Without the pictures, output the lines of the material from the very first through the one that holds "What we heard, learnt".
---- Information supplied
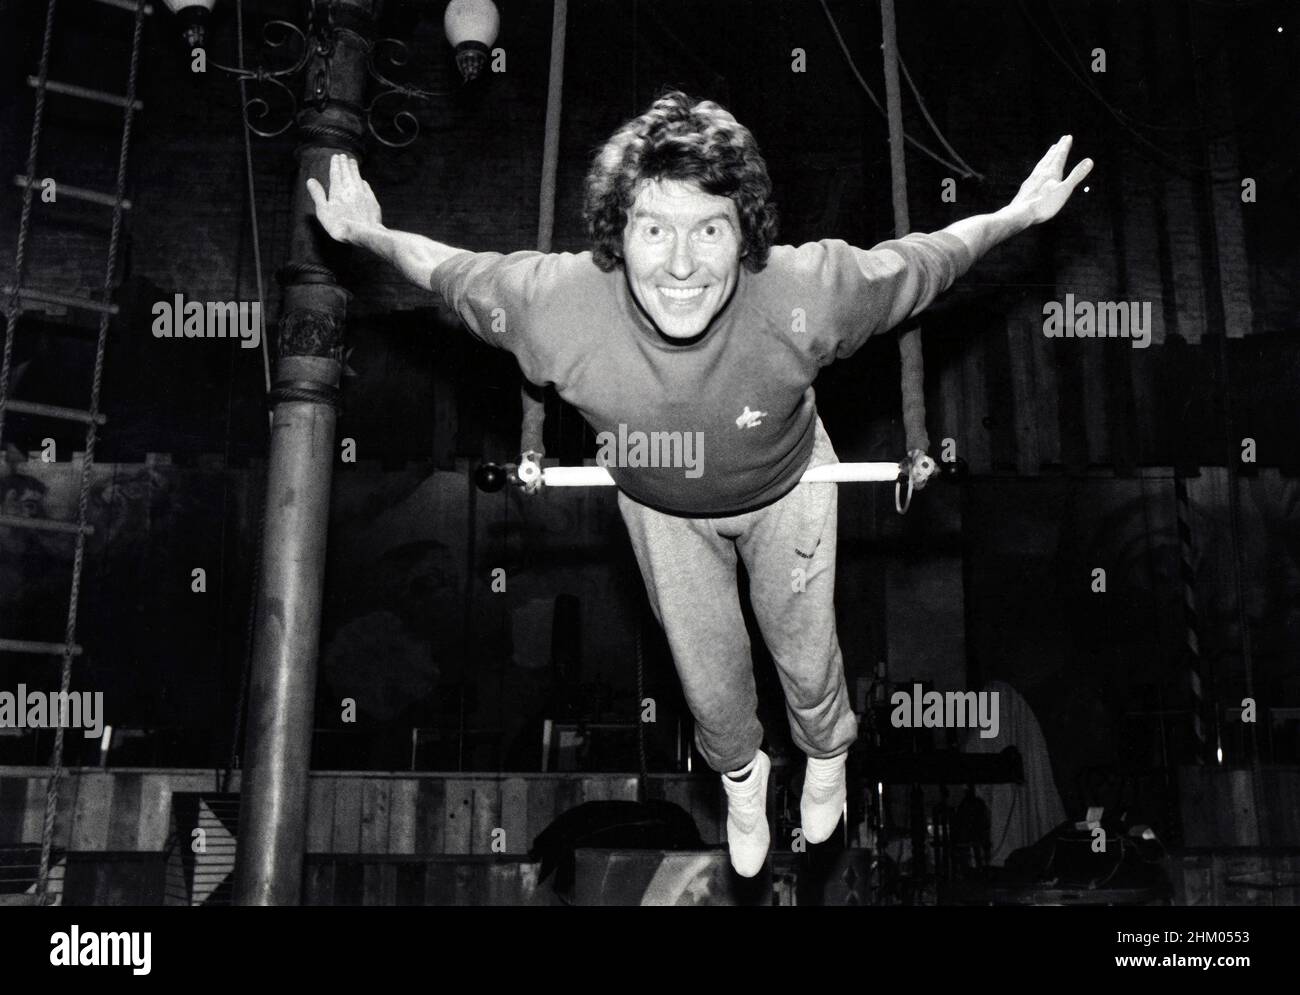 MICHAEL CRAWFORD prepares for his starring role in the London theater production of Barnum by training in New York with the Big Apple Circus School. In Manhattan, 1981. Stock Photo
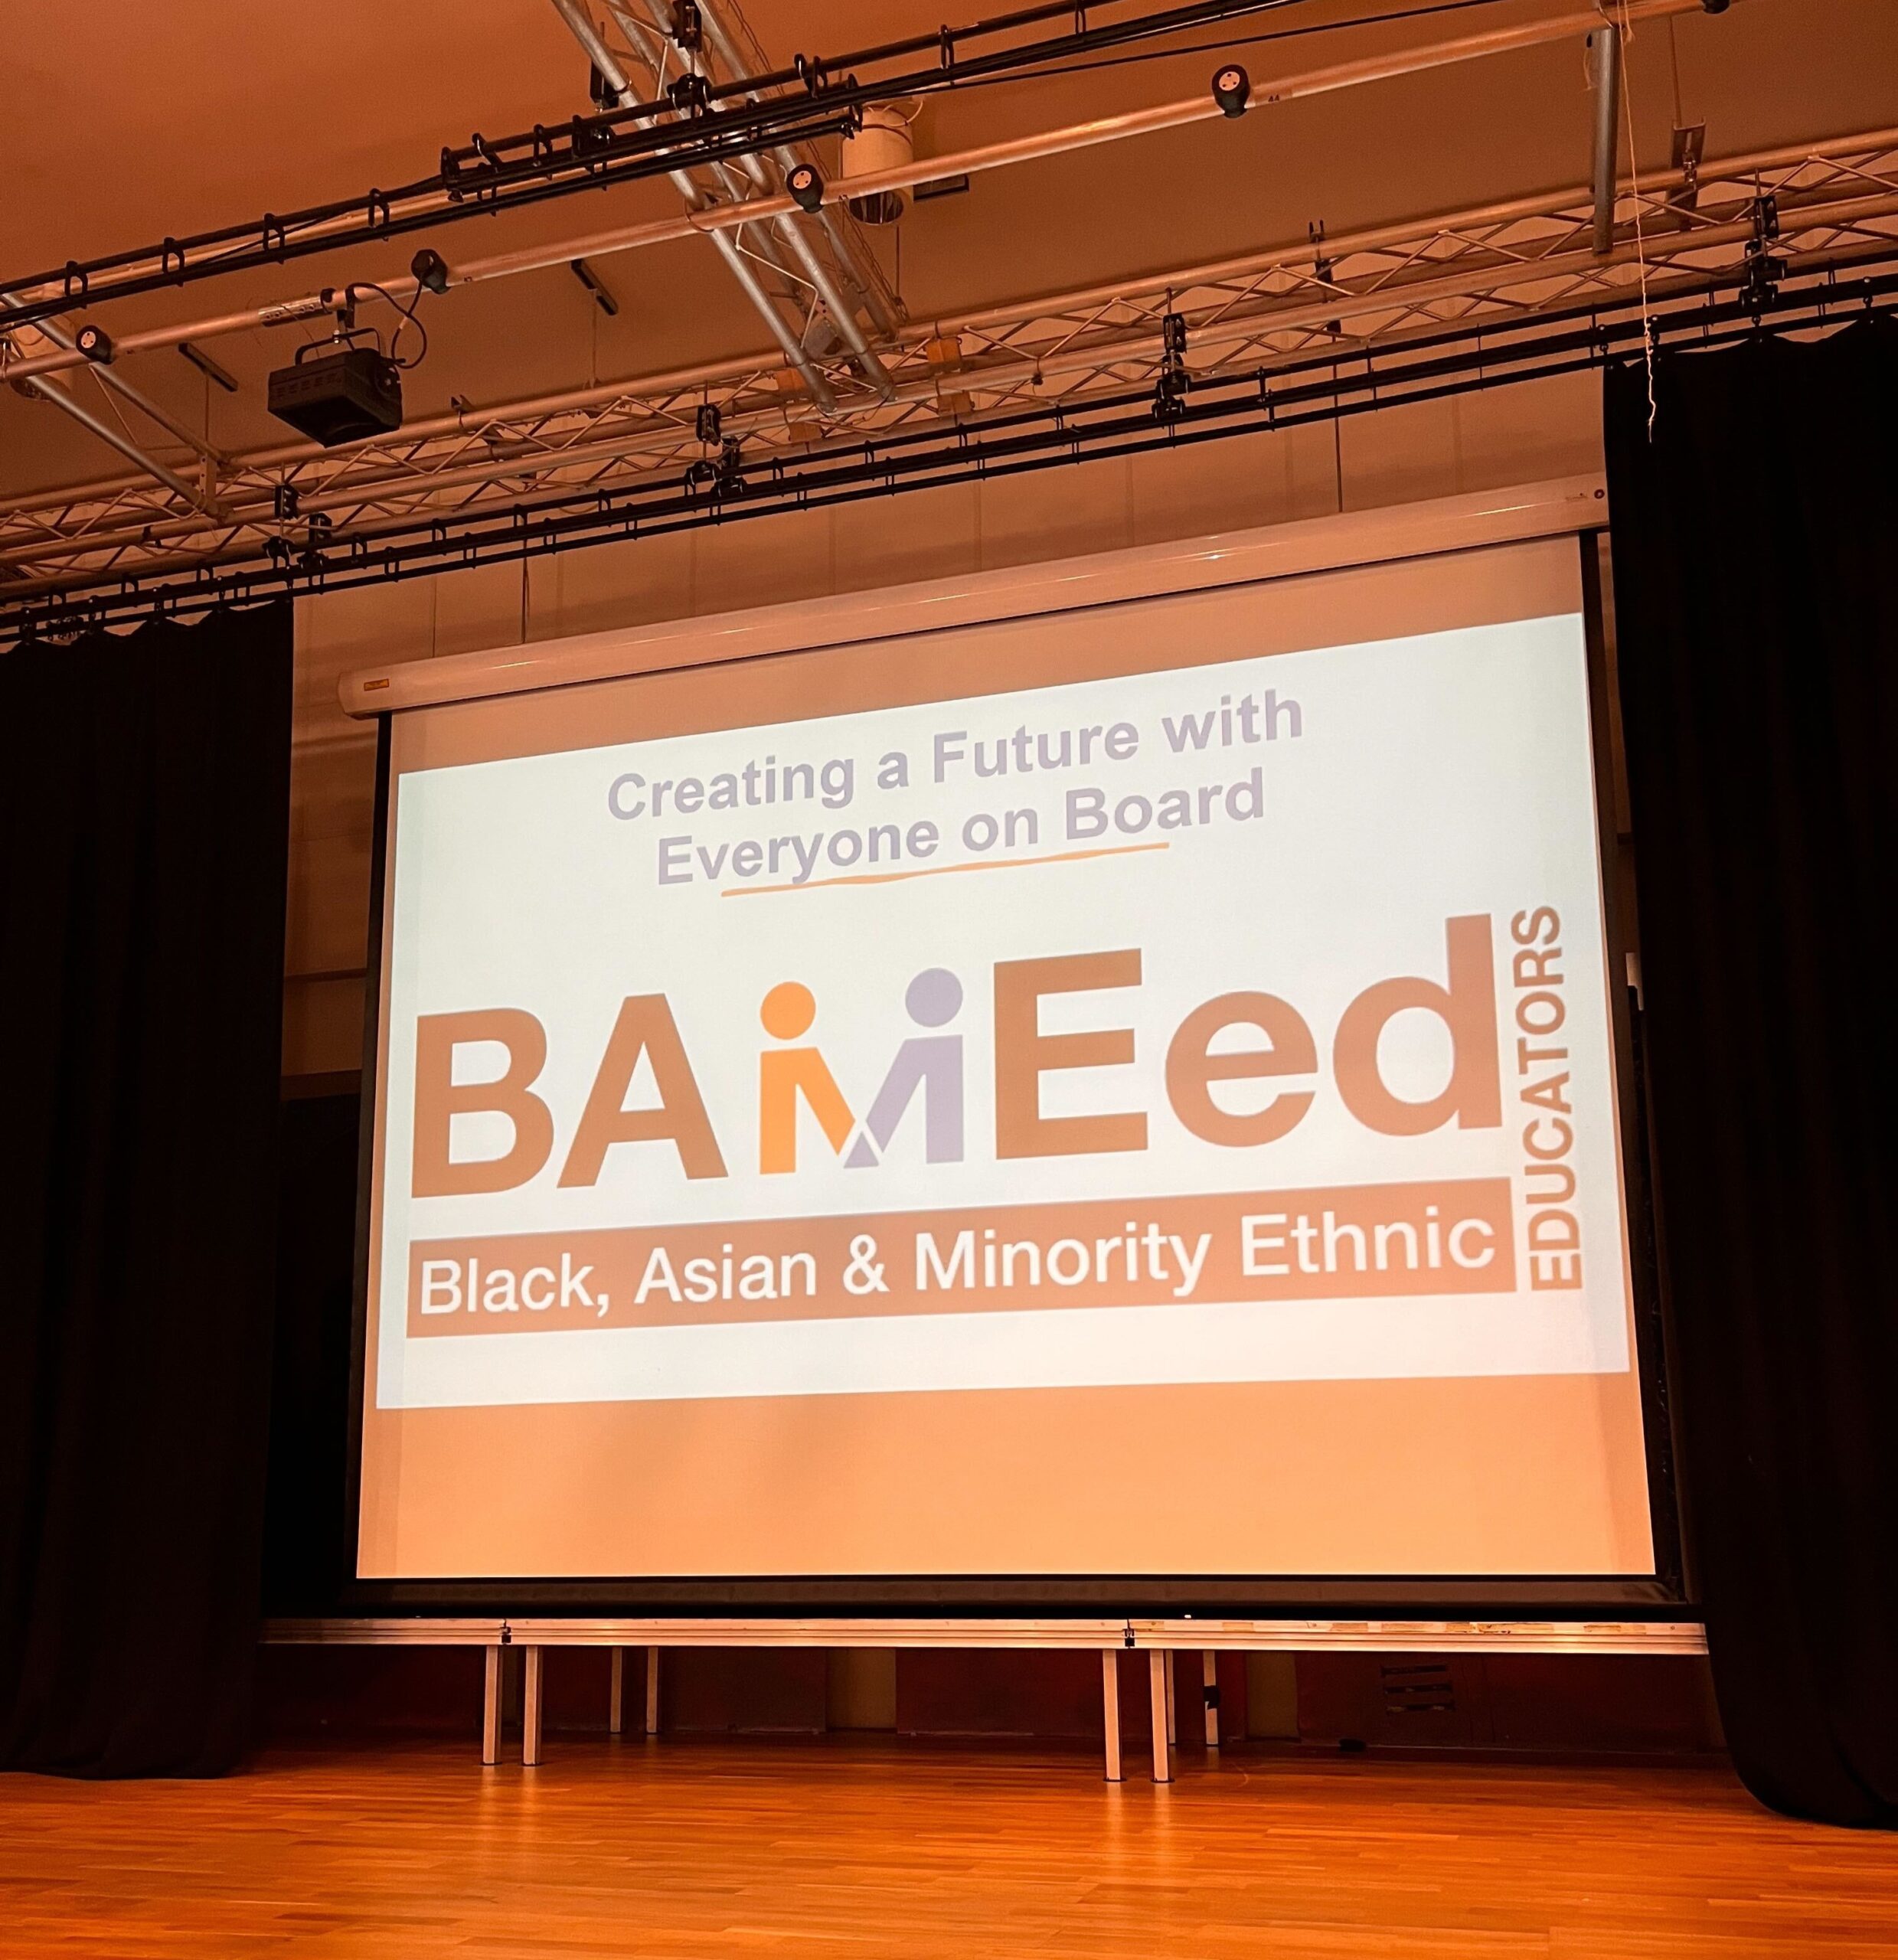 What we heard, learnt and tasted at BAMEed: Creating the future with everyone on board
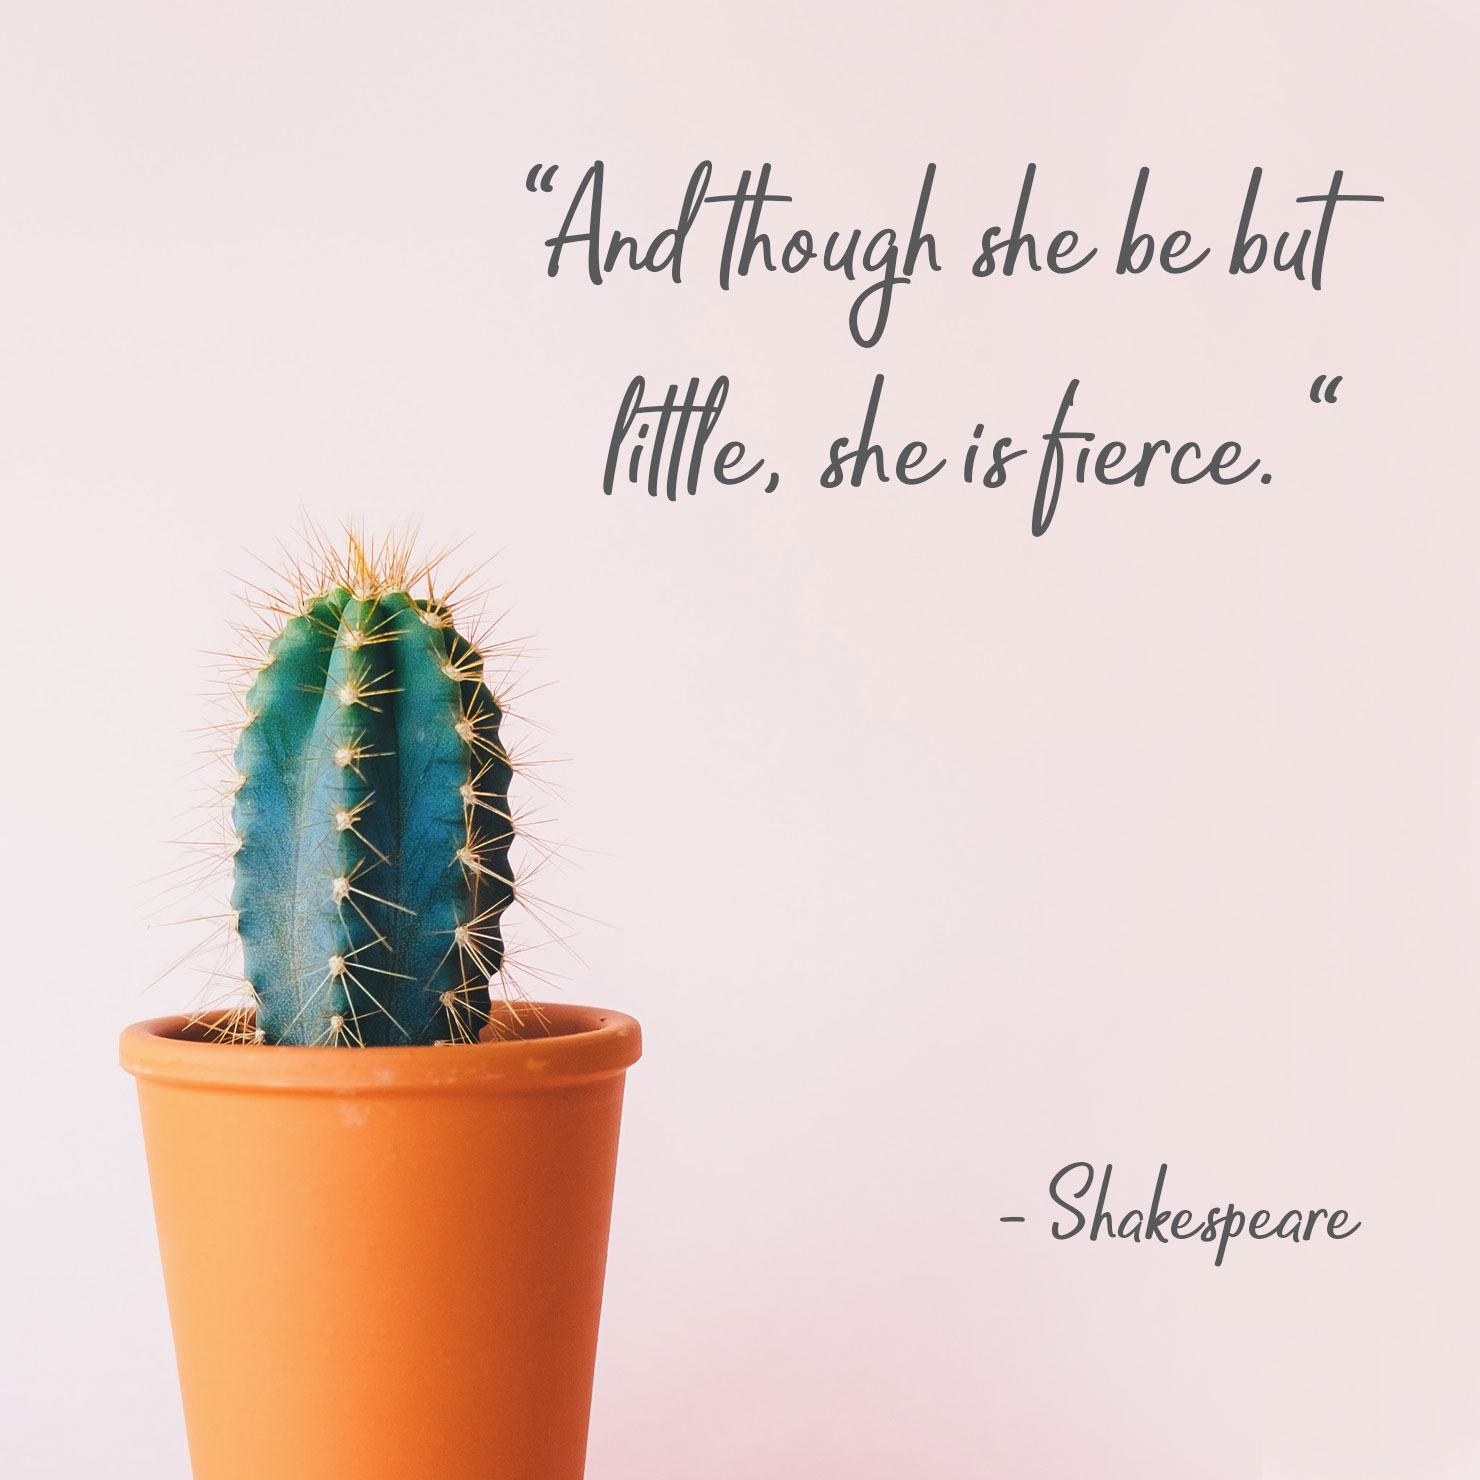 for daughter graduation quote: and though she be but little, she is fierce - Shakespeare
--------
**Task solution**
 MICHAEL CRAWFORD prepares for his starring role in the London theater production of Barnum by training in New York with the Big Apple Circus School. In Manhattan, 1981. Stock Photo
 What we heard, learnt and tasted at BAMEed: Creating the future with everyone on board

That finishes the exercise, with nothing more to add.